Brief
For this listing, reproduce the line with "2Gether Insurance Ltd", the line with "U.S. World War", and the lines between, exactly as they stand. Leave out pictures and all other lines.

[[ Recorded data open ]]

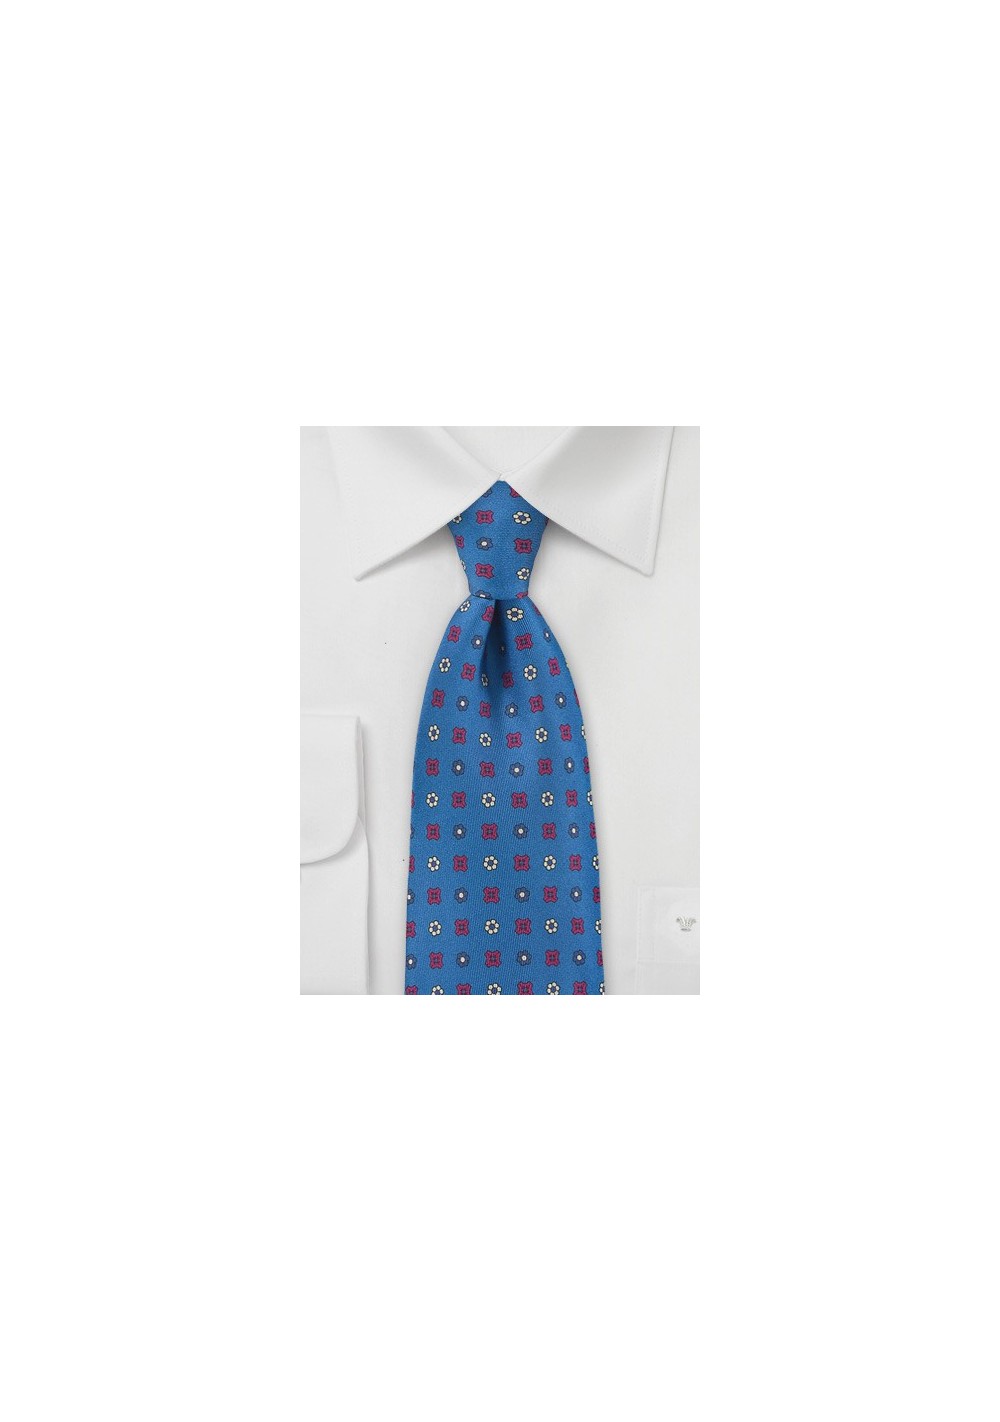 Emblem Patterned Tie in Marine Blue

[[ Recorded data closed ]]
[[ Recorded data open ]]

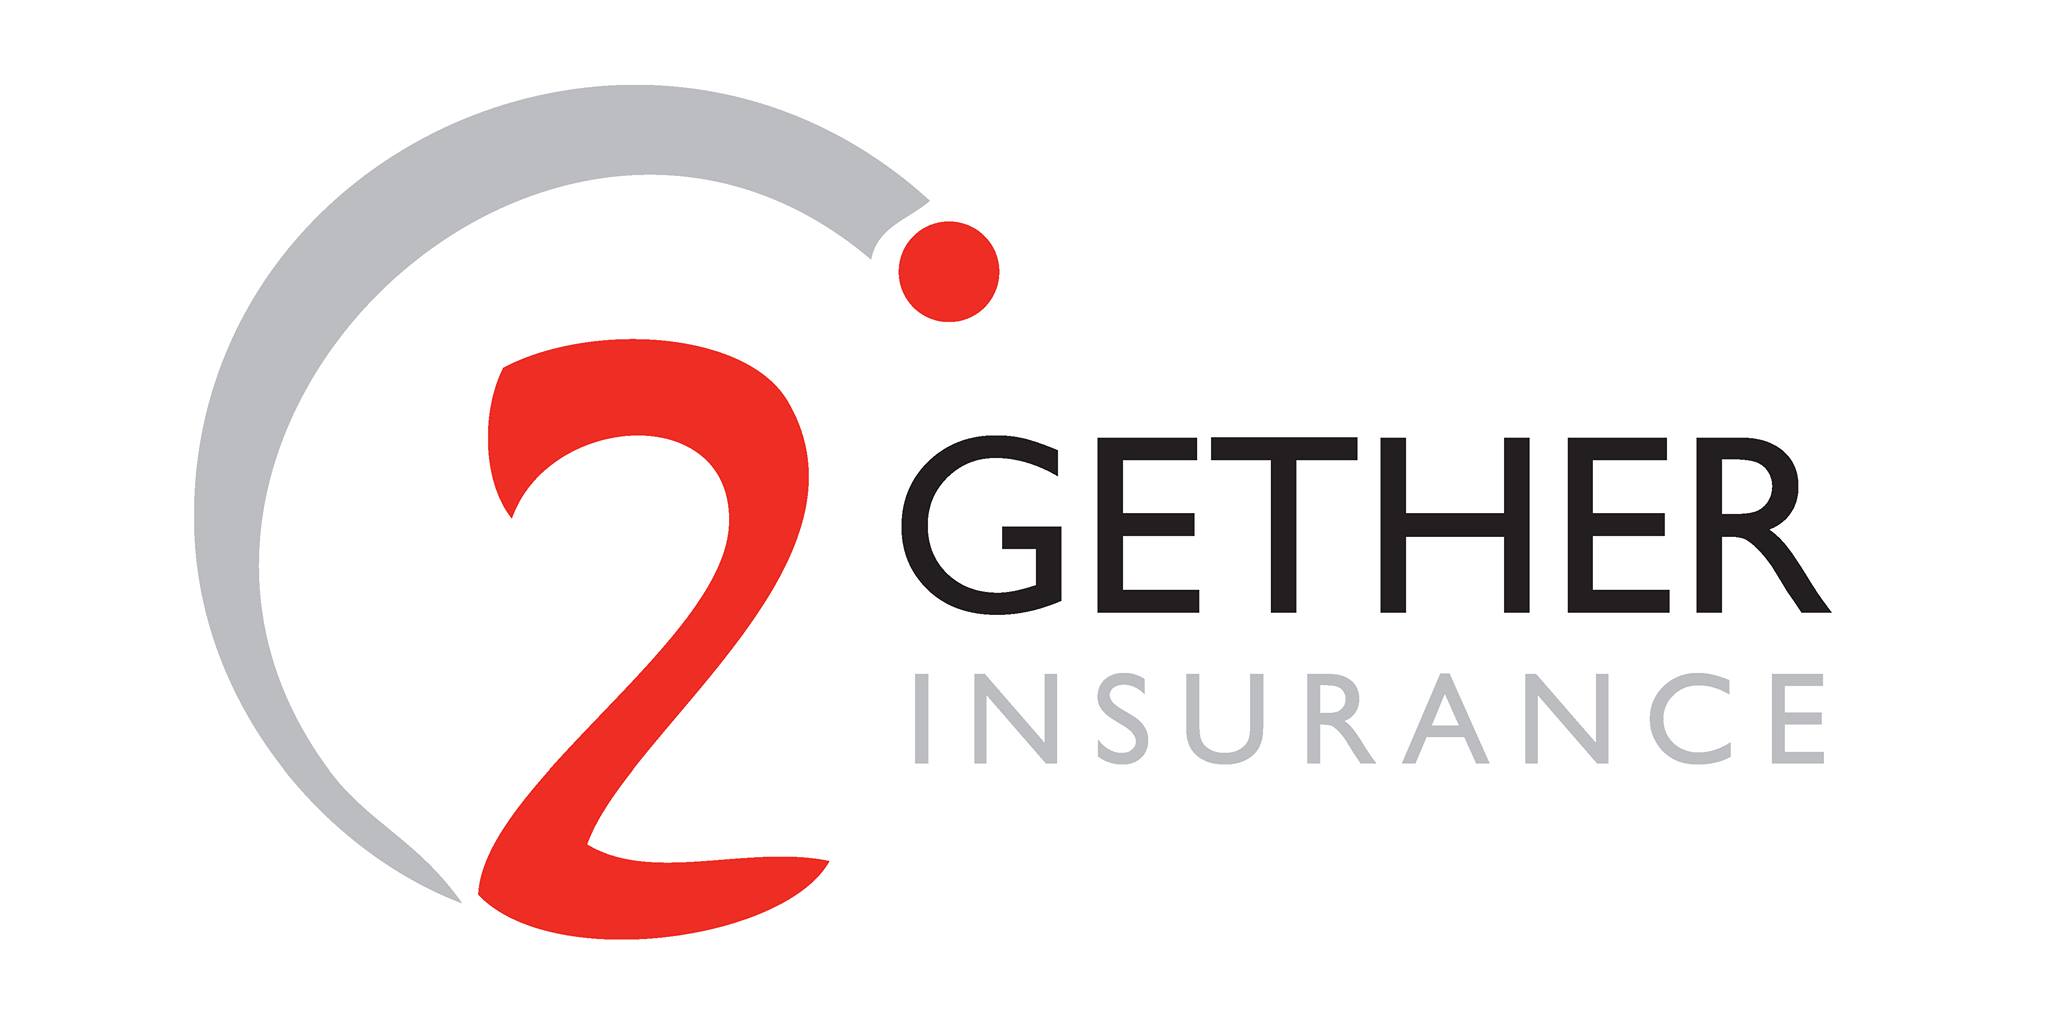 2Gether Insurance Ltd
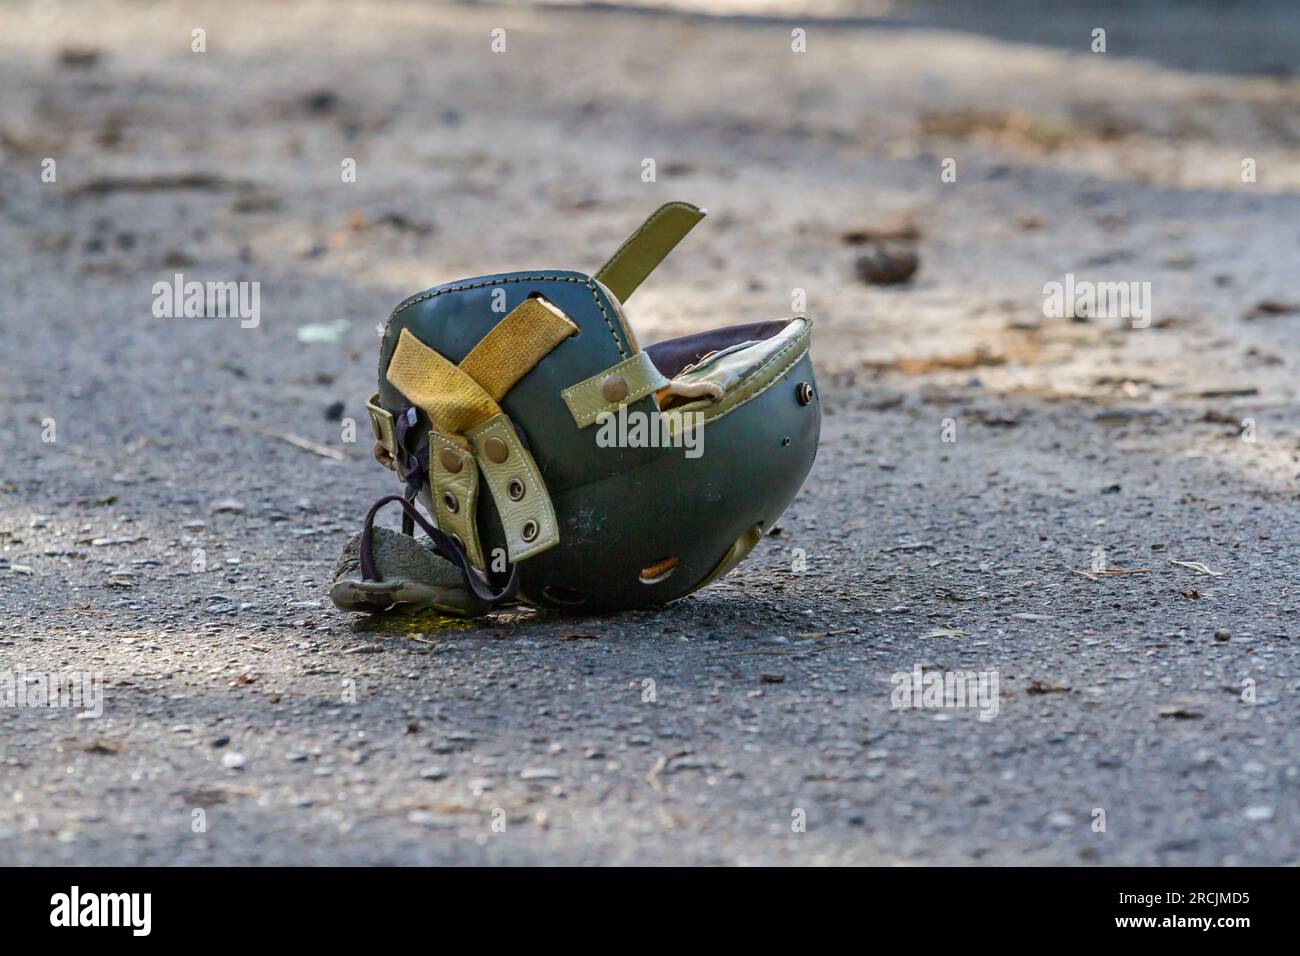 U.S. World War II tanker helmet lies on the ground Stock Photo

[[ Recorded data closed ]]

Solution to the exercise
 2Gether Insurance Ltd
 U.S. World War II tanker helmet lies on the ground Stock Photo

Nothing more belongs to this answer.